• Try it:
Copy the closing run of lines, from the one with "Robe Imprimé Floral - Kenzo" through the last line of the listing, exactly and without any pictures.

• Given information:

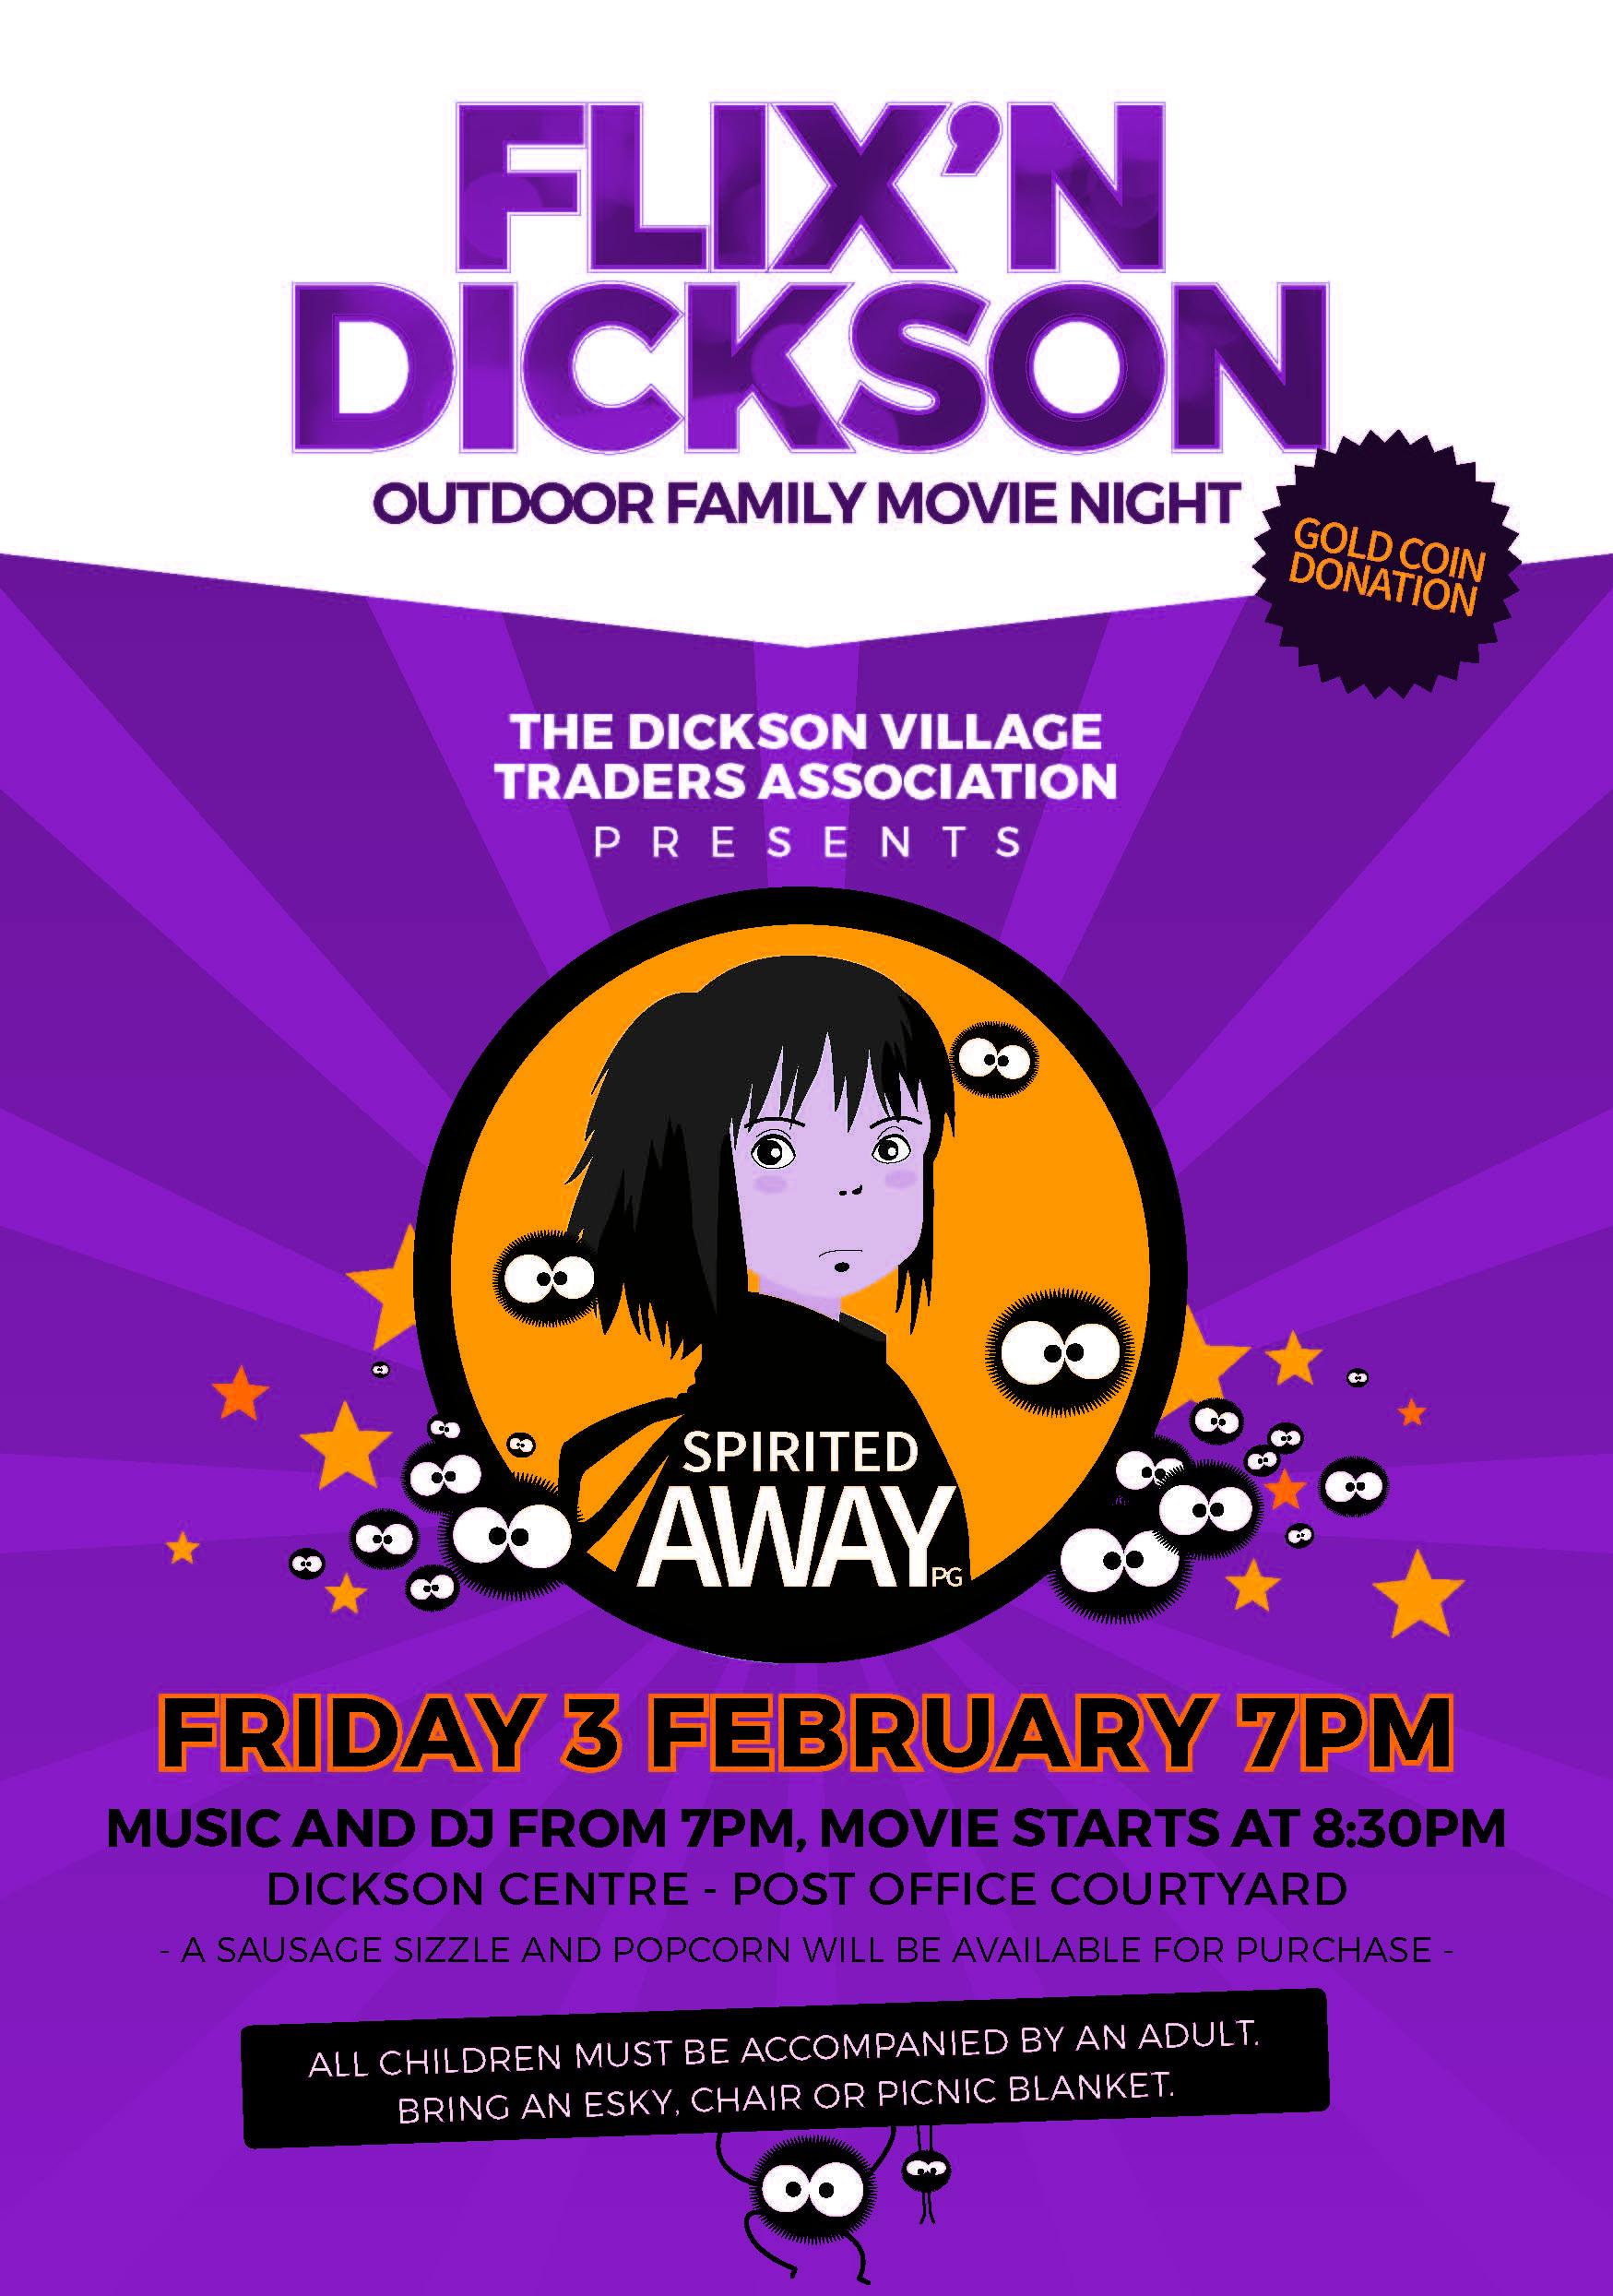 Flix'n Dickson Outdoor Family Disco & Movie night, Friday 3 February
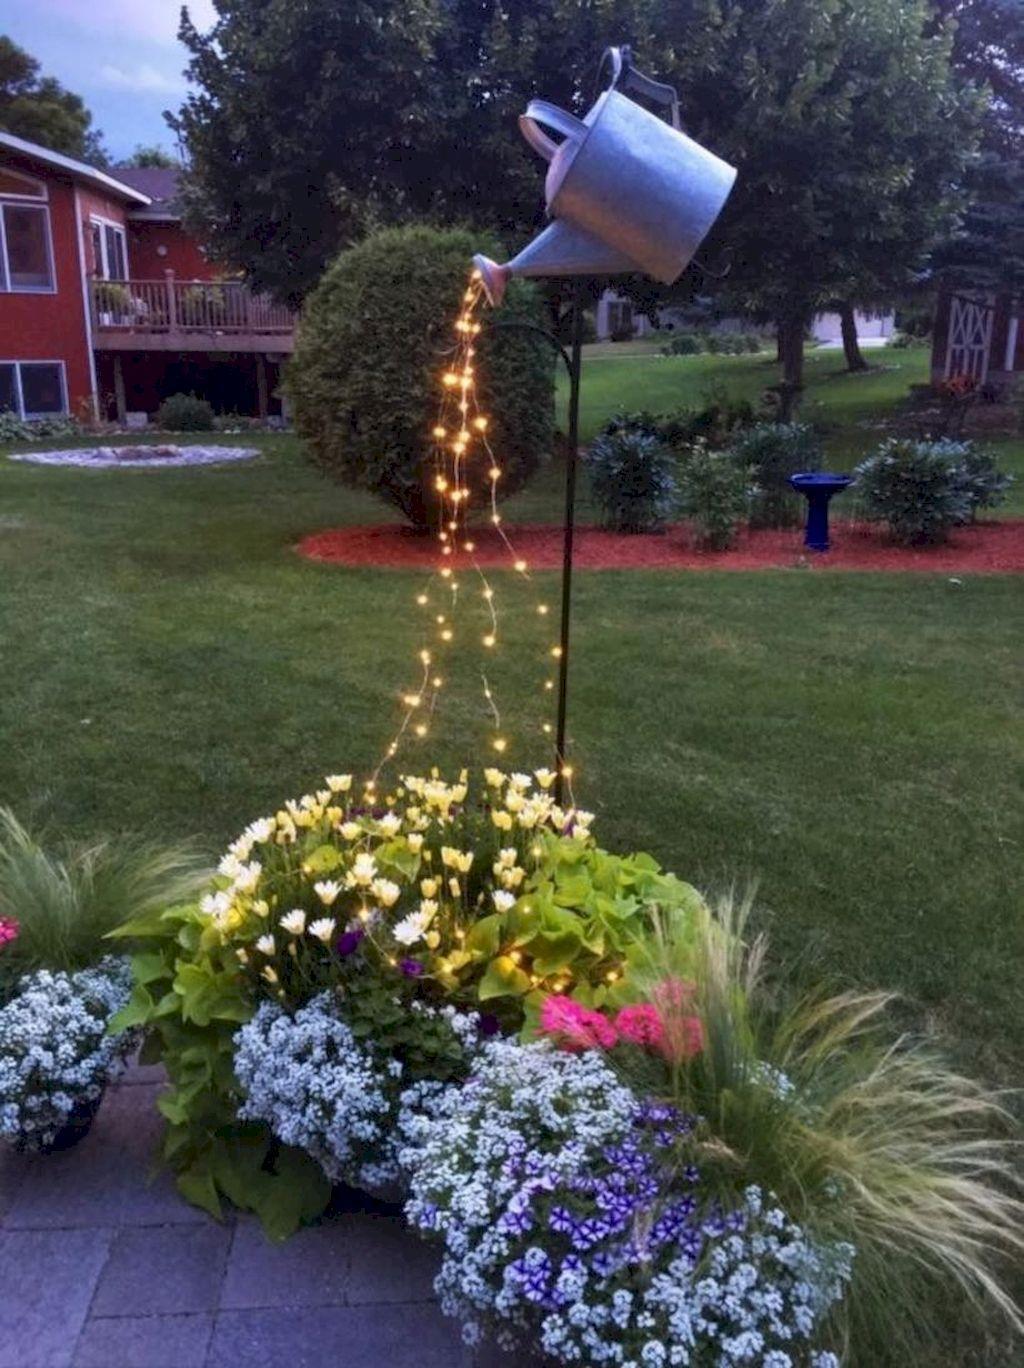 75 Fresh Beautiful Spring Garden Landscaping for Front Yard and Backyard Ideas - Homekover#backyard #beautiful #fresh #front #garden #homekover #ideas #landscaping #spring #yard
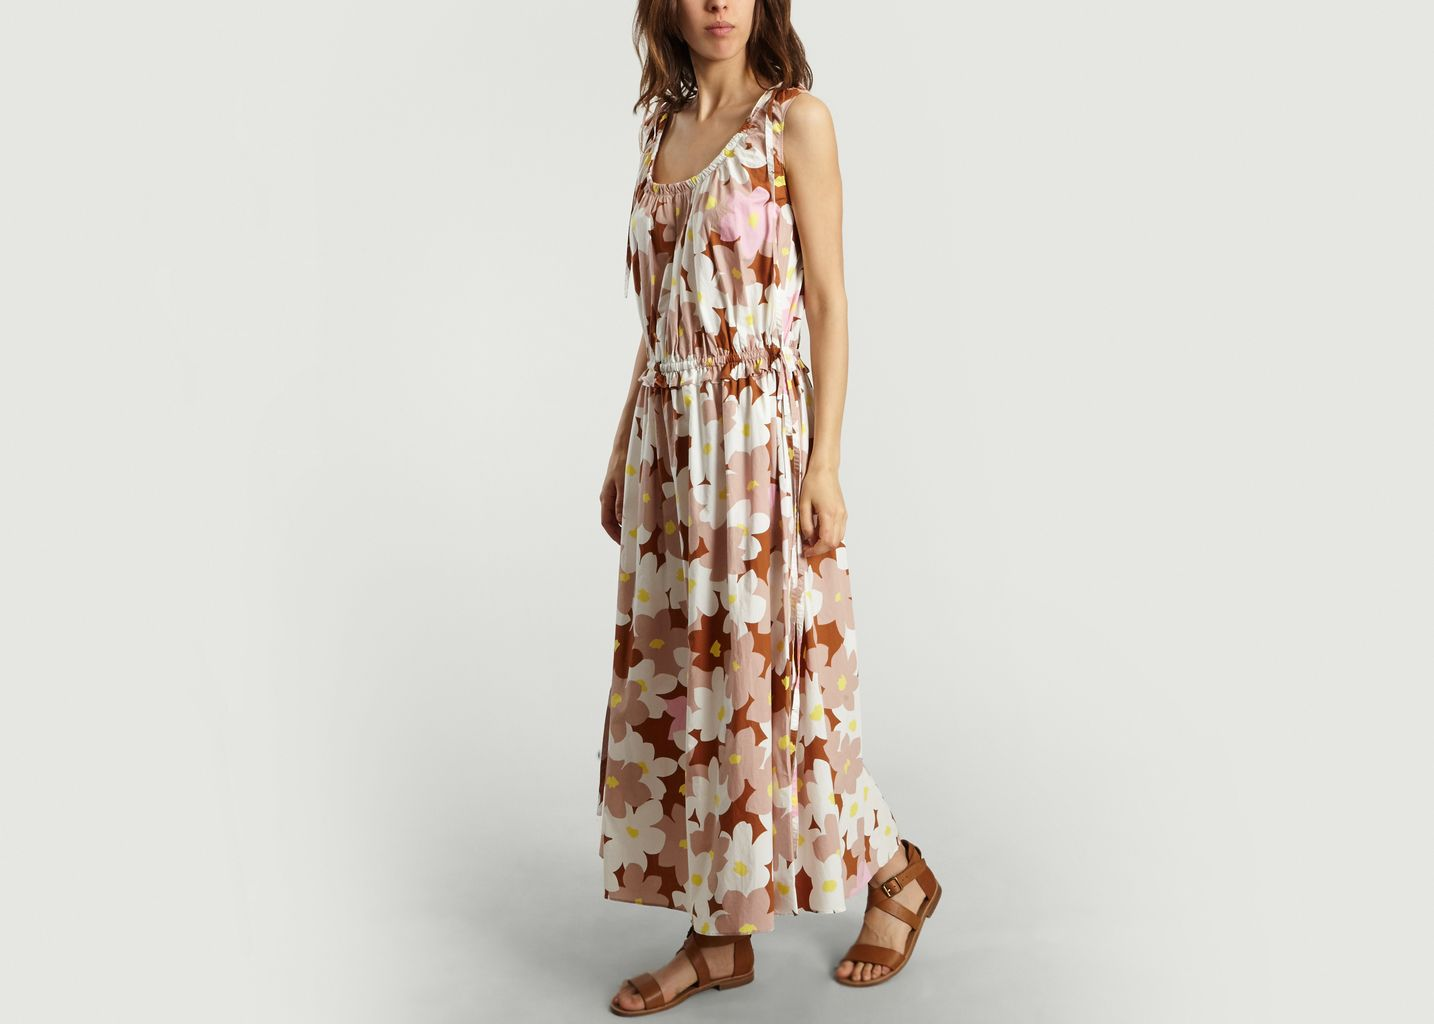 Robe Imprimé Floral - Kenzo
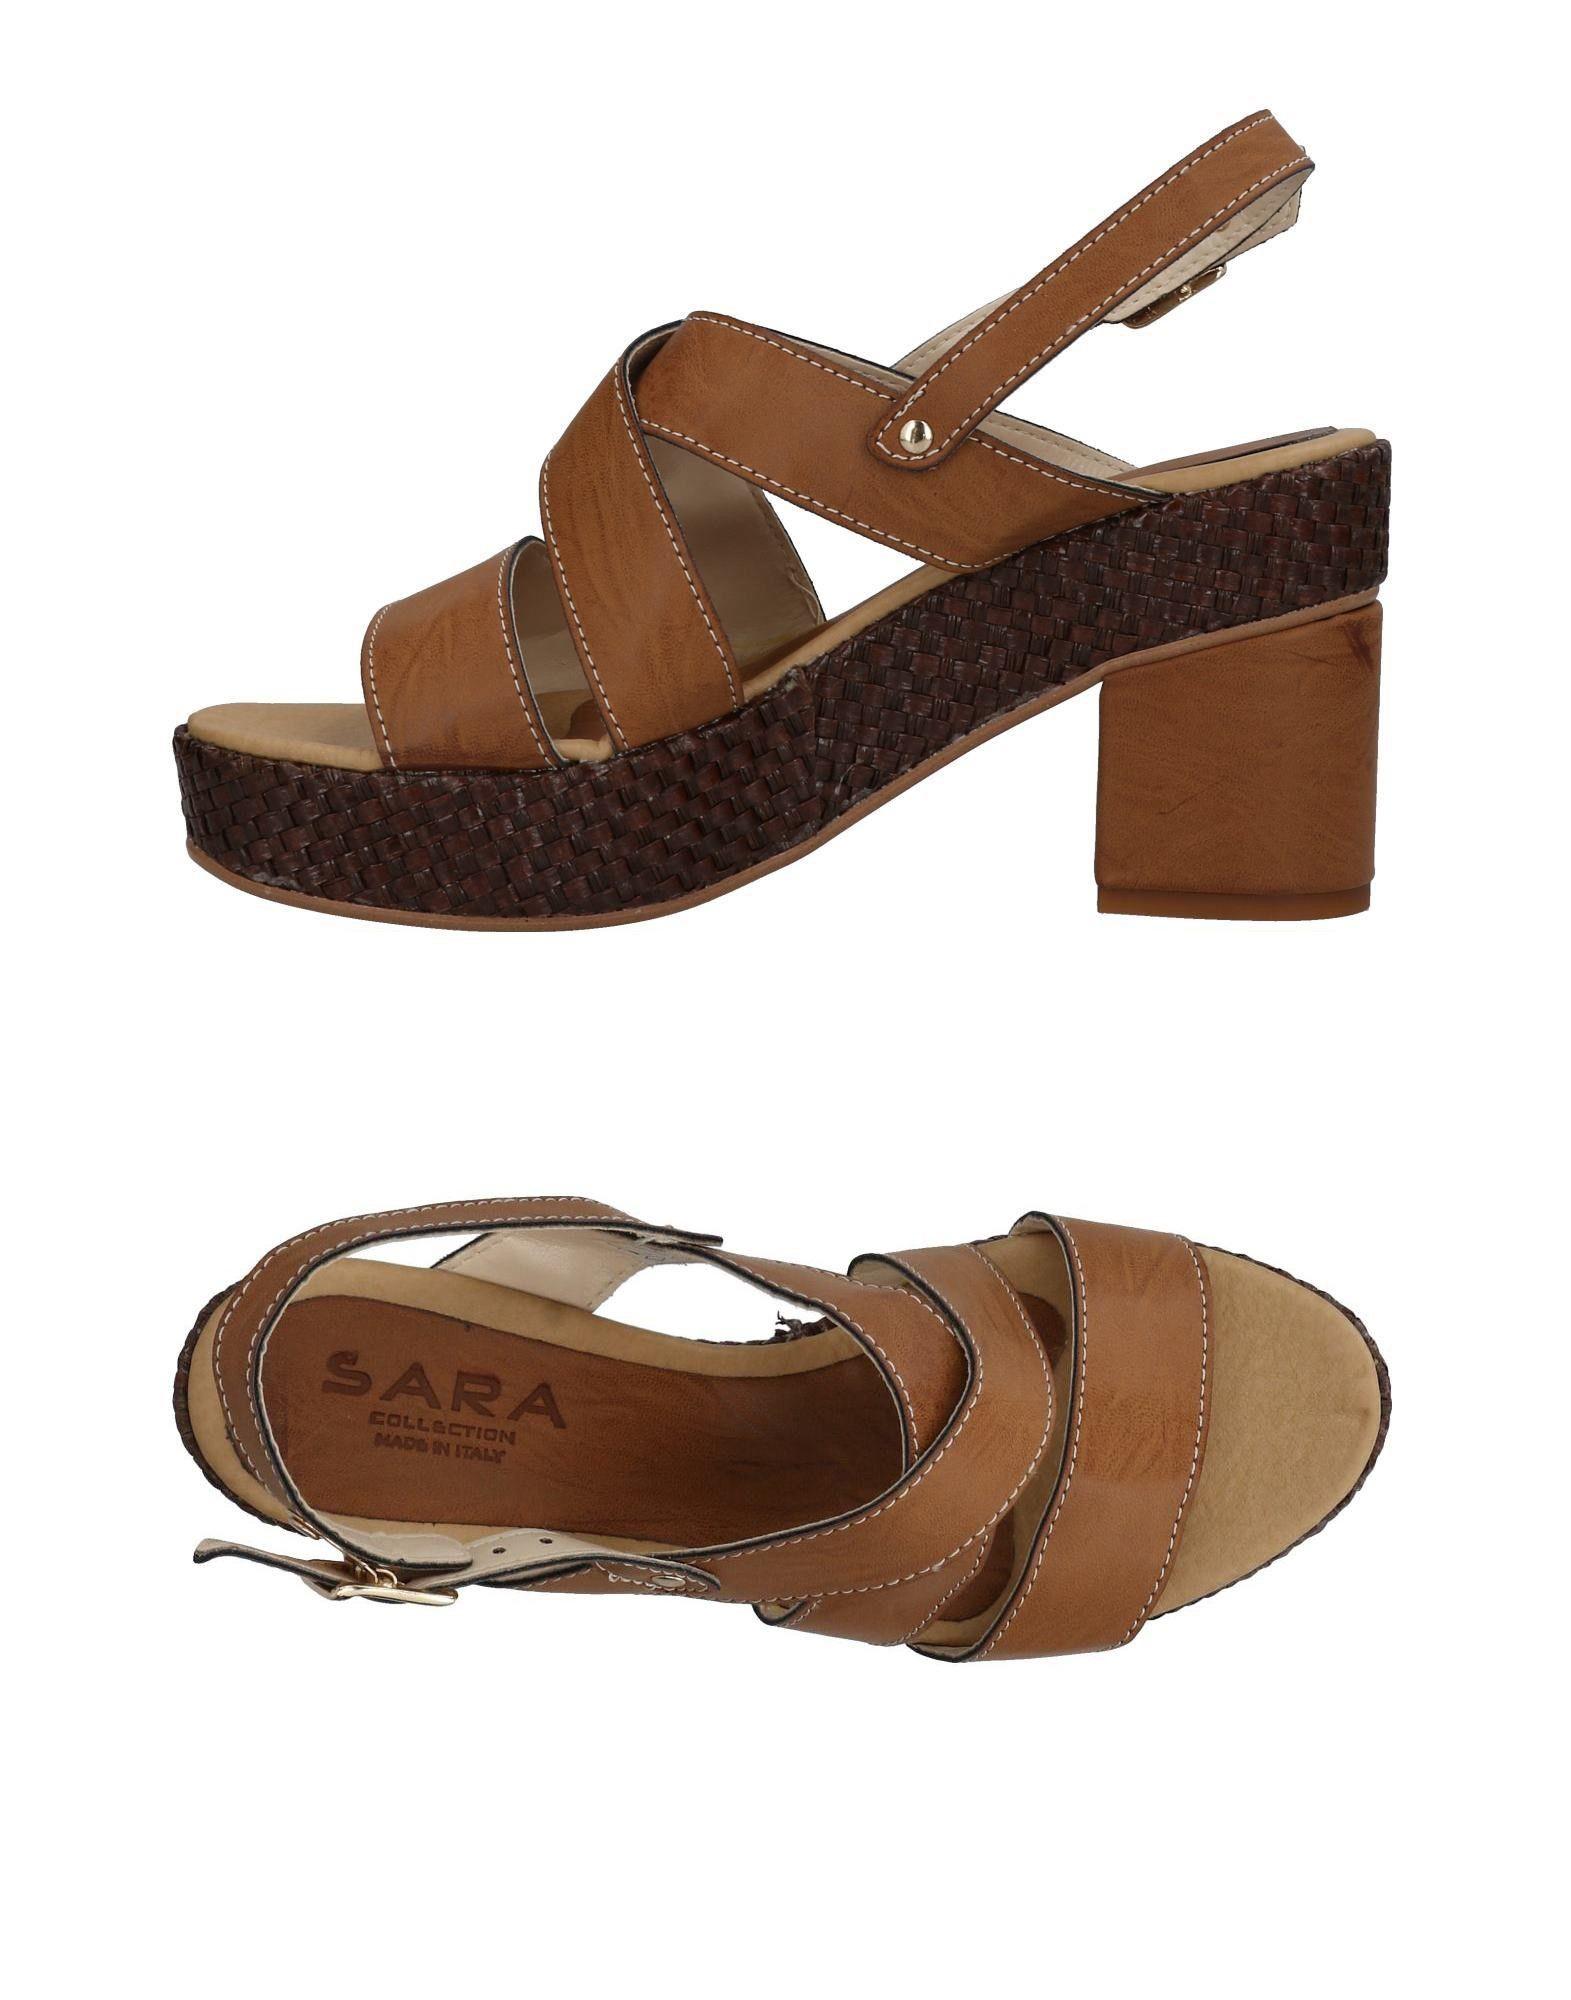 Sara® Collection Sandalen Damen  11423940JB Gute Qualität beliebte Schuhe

• Answer for the task:
 Robe Imprimé Floral - Kenzo
 Sara® Collection Sandalen Damen  11423940JB Gute Qualität beliebte Schuhe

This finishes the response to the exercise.